Pour la ministre, la réussite d’un tel projet exige une coalition internationale solide. C’est pourquoi elle sollicite l’appui continu des pays du G7, pour inscrire le Projet Grand Inga comme priorité stratégique dans son agenda en 2026 et bien au-delà.

« Vous, représentants de ces grandes nations partenaires, êtes nos relais privilégiés pour porter cette ambition, améliorer la visibilité du projet et renforcer la crédibilité internationale. Je tiens à remercier la Banque Africaine de Développement et la Banque mondiale pour leur accompagnement constant. Grâce à leur soutien, ce qui n’était jadis qu’une vision est devenu un programme de développement intégré et durable, résolument tourné vers la résilience climatique et le développement holistique », affirme la patronne de la Coopération congolaise.

Et d’ajouter, la BAD a permis la réalisation des premières études de faisabilité en 2013, et poursuit son appui à travers le PASEL. Aujourd’hui, elle cofinance avec la Banque mondiale le développement d’Inga 3.

Le récent engagement de la Banque mondiale, à travers un prêt d’un milliard de dollars américains, marque une étape décisive. Il permet de relancer les études techniques, de renforcer les capacités institutionnelles et d’accompagner les communautés locales avant même la phase de construction.

« Je tiens également à exprimer mes sincères remerciements à l’ensemble des pays du G7 qui ont apporté leur vote favorable lors de l’approbation du projet par le Conseil d’administration de la Banque mondiale.
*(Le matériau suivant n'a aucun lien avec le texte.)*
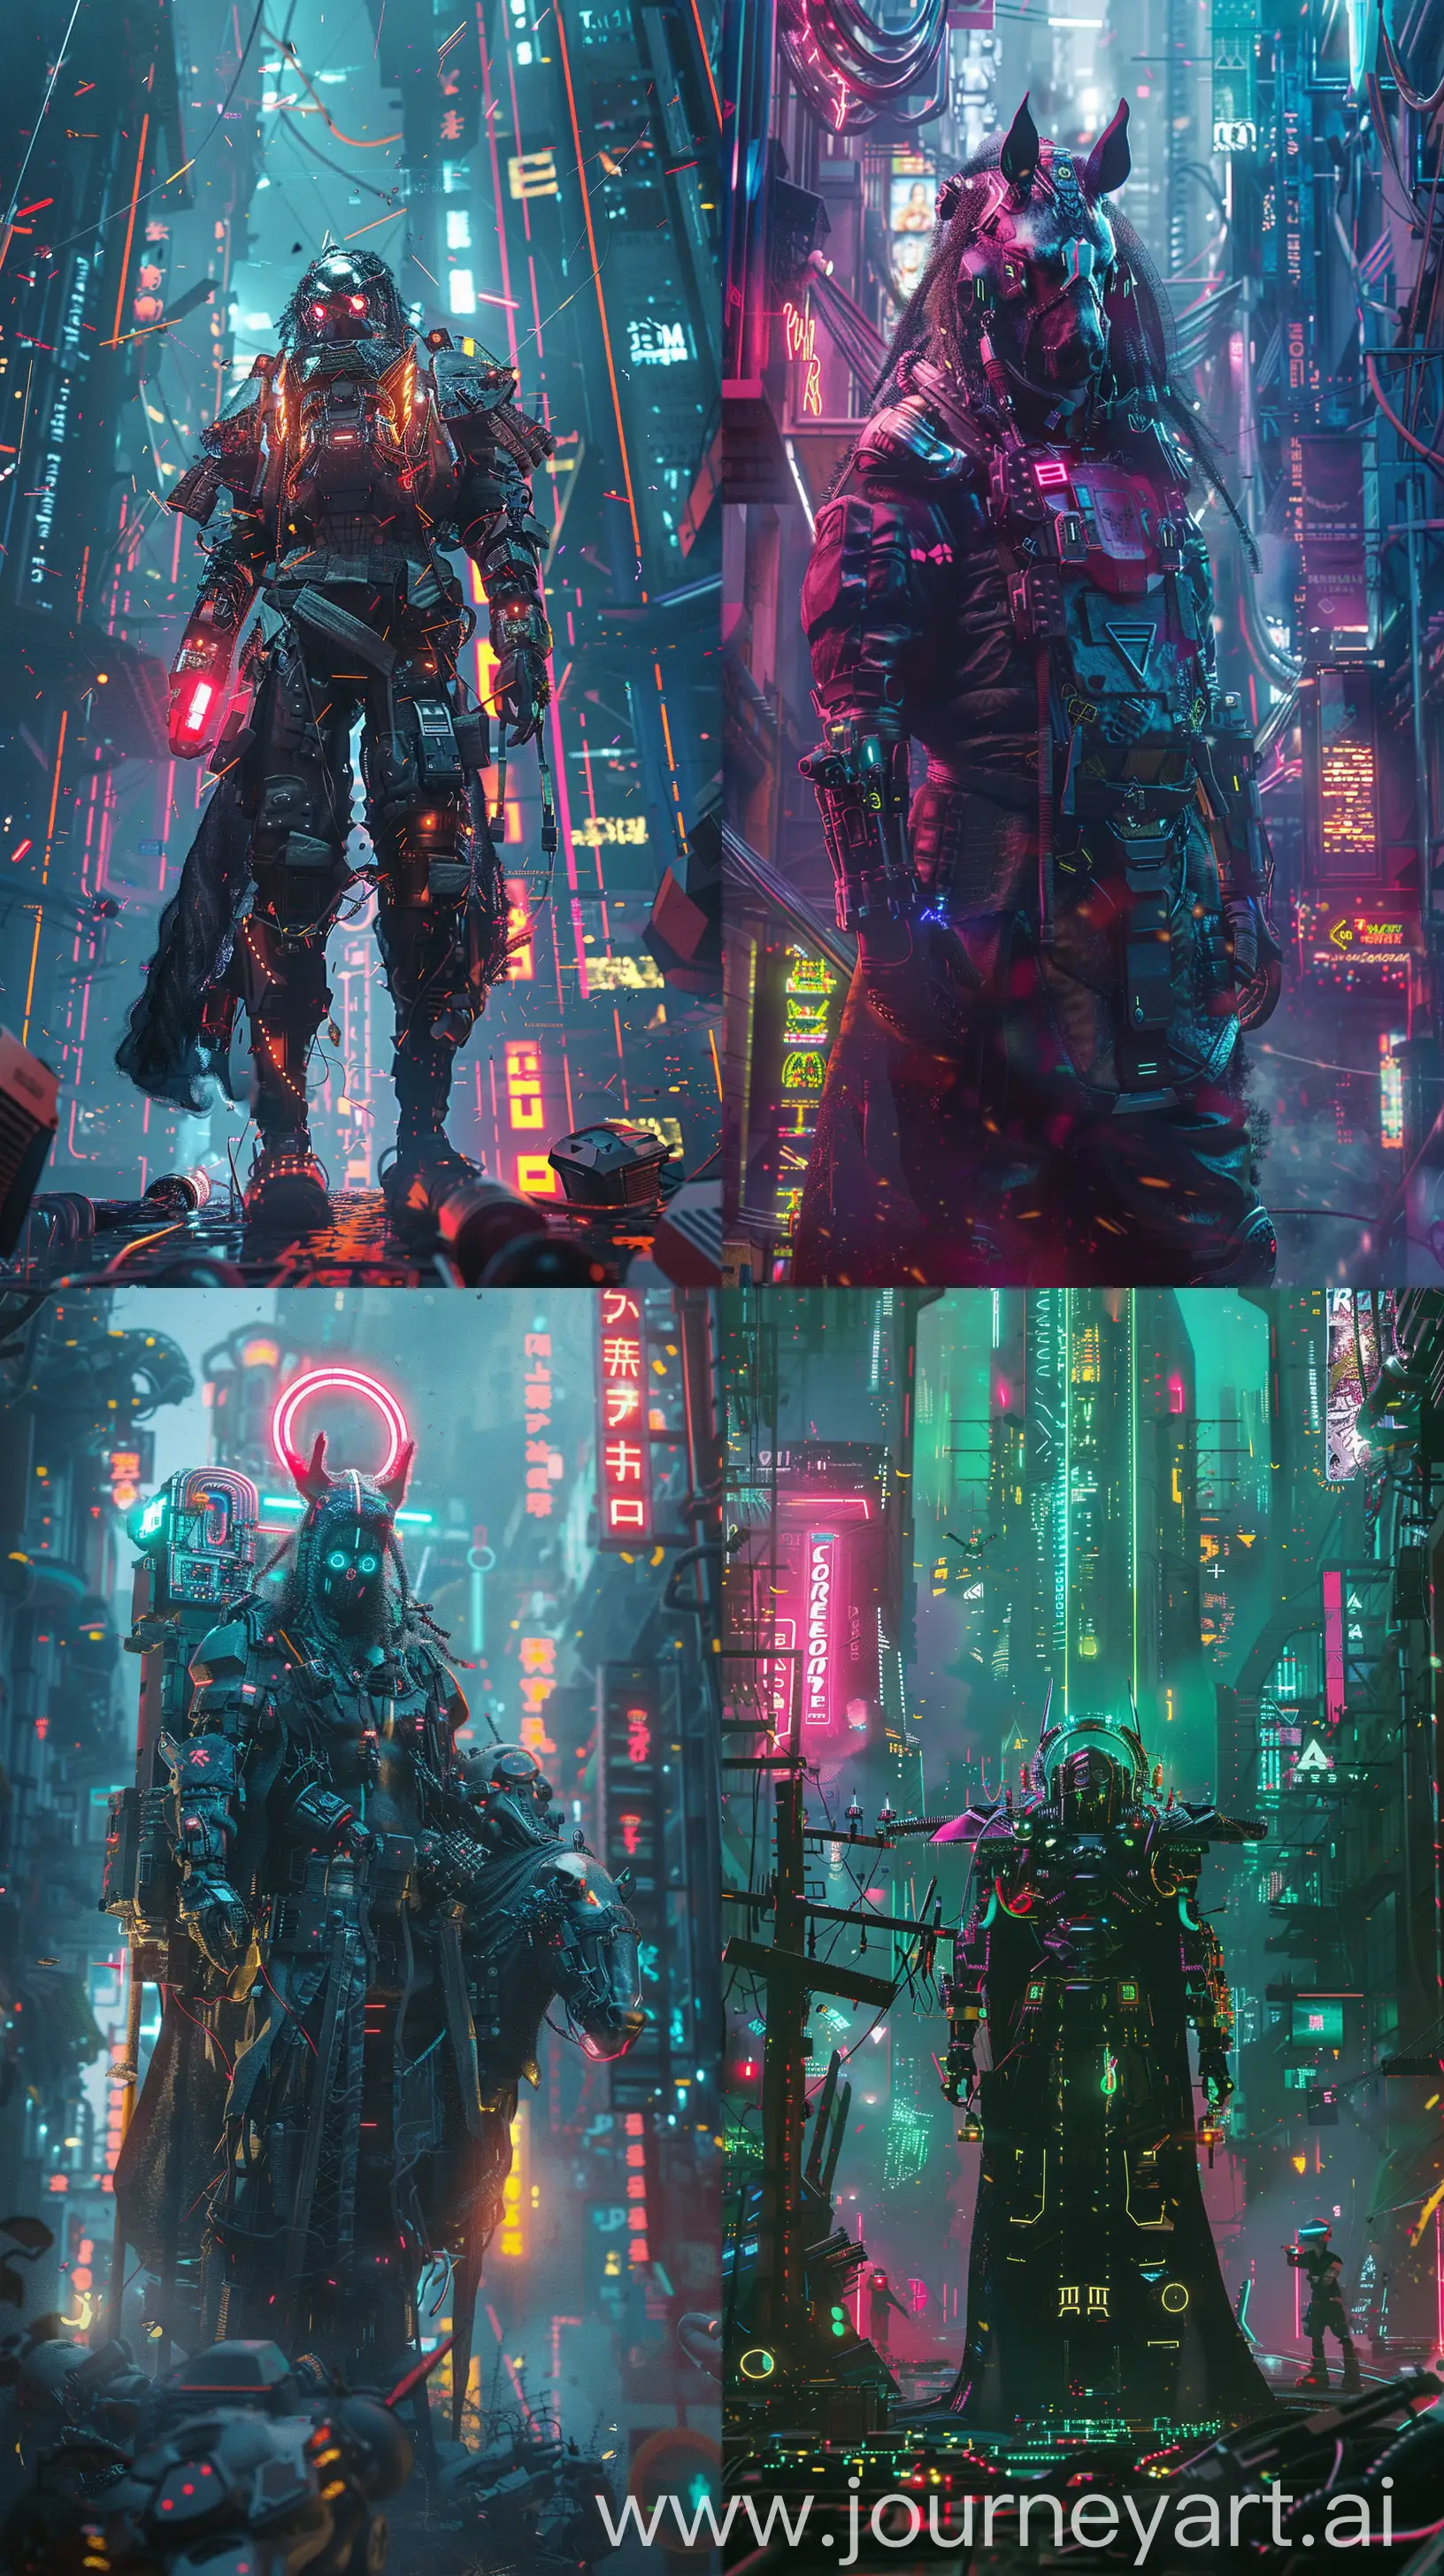 Cyberpunk-Horseman-of-the-Apocalypse-Dystopian-Authority-in-Neon-Lights

Cette étape, exigeant un processus rigoureux d’évaluation technique, financière et environnementale, témoigne de la solidité du projet et de la qualité de la collaboration menée », dit-elle, tout en saluant tout particulièrement le leadership de certains pays qui ont plaidé en faveur de ce projet et su bâtir des coalitions de soutien en son sein — car nous savons qu’un tel engagement représente un pari pour beaucoup.
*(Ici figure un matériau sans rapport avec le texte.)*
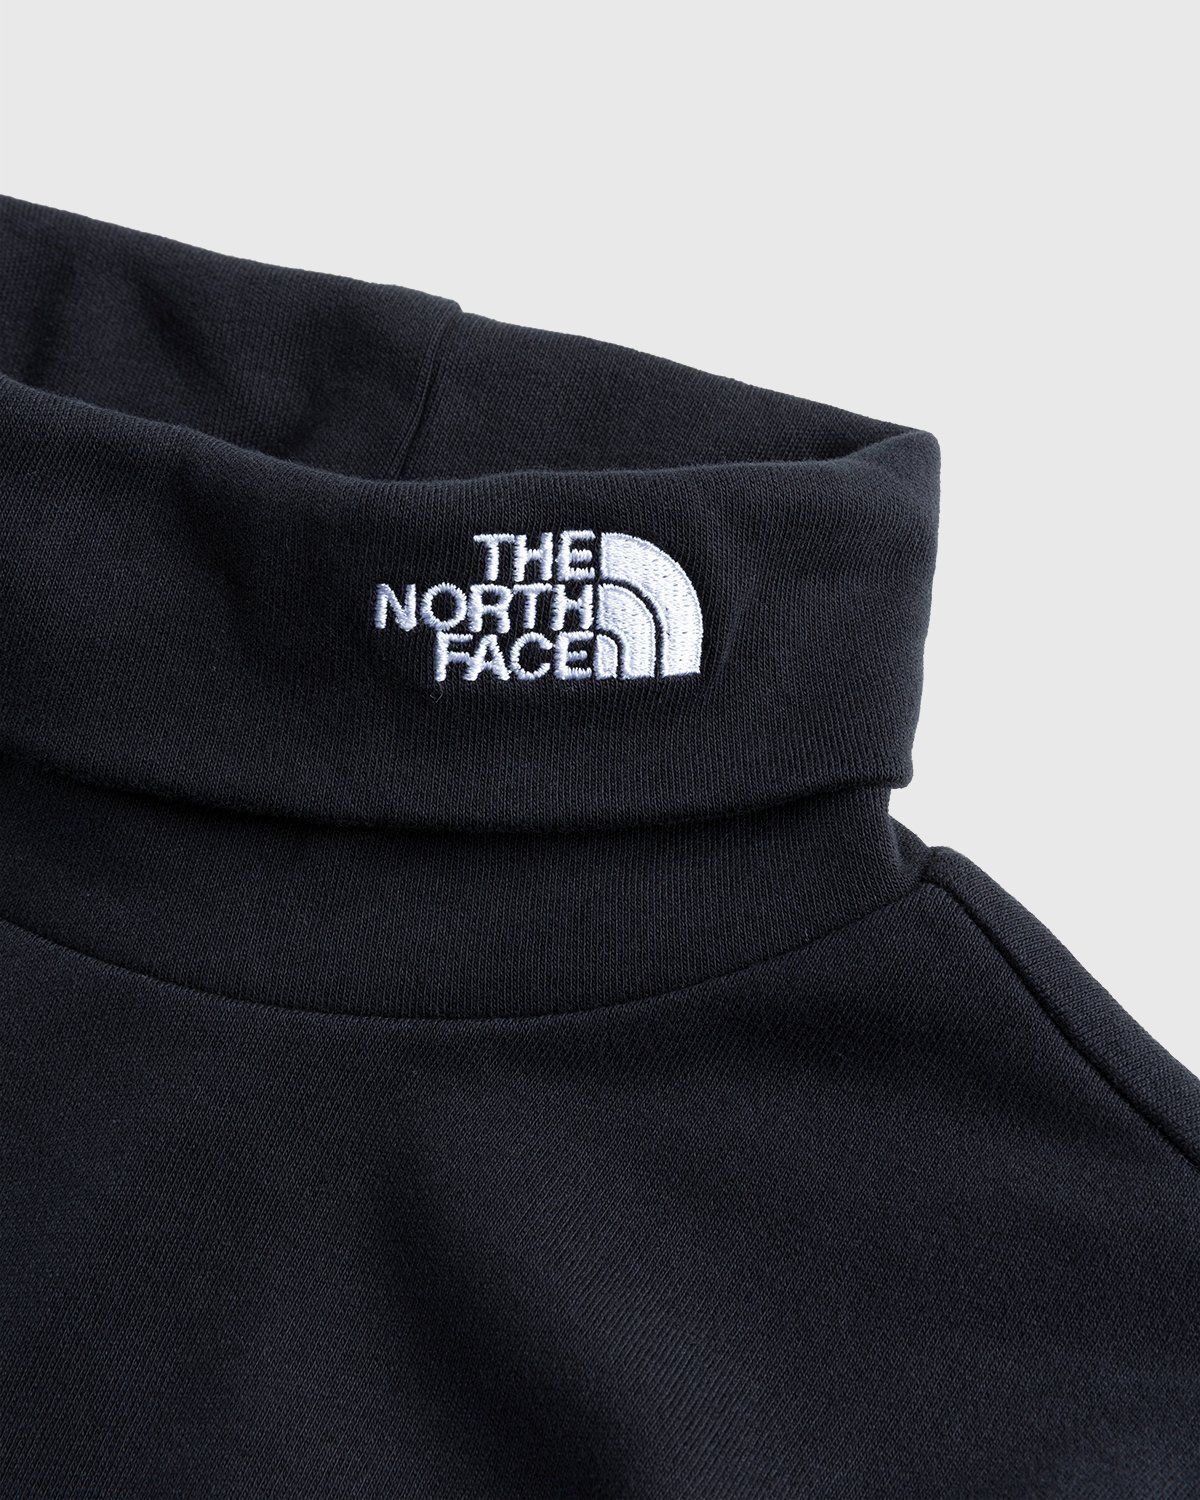 The North Face – Longsleeve Black - Longsleeves - Black - Image 3

La ministre a salué l’excellent esprit de coopération qui a animé les équipes congolaises et la représentation de la Banque mondiale en RDC tout au long de ce parcours exigeant — depuis l’élaboration des dossiers jusqu’à leur validation au plus haut niveau. Ces avancées illustrent l’efficacité de la diplomatie économique de développement que la RDC met en œuvre avec détermination.

Elle a terminé par avouer que le Projet Inga est bien plus qu’un rêve congolais : c’est une promesse africaine. Une passerelle vers un avenir où l’énergie devient un droit pour tous, un catalyseur de développement et un moteur de paix. La RDC, pays-solution au potentiel inégalé, tend la main à ses partenaires du G7 pour écrire ensemble cette page essentielle de l’histoire du continent.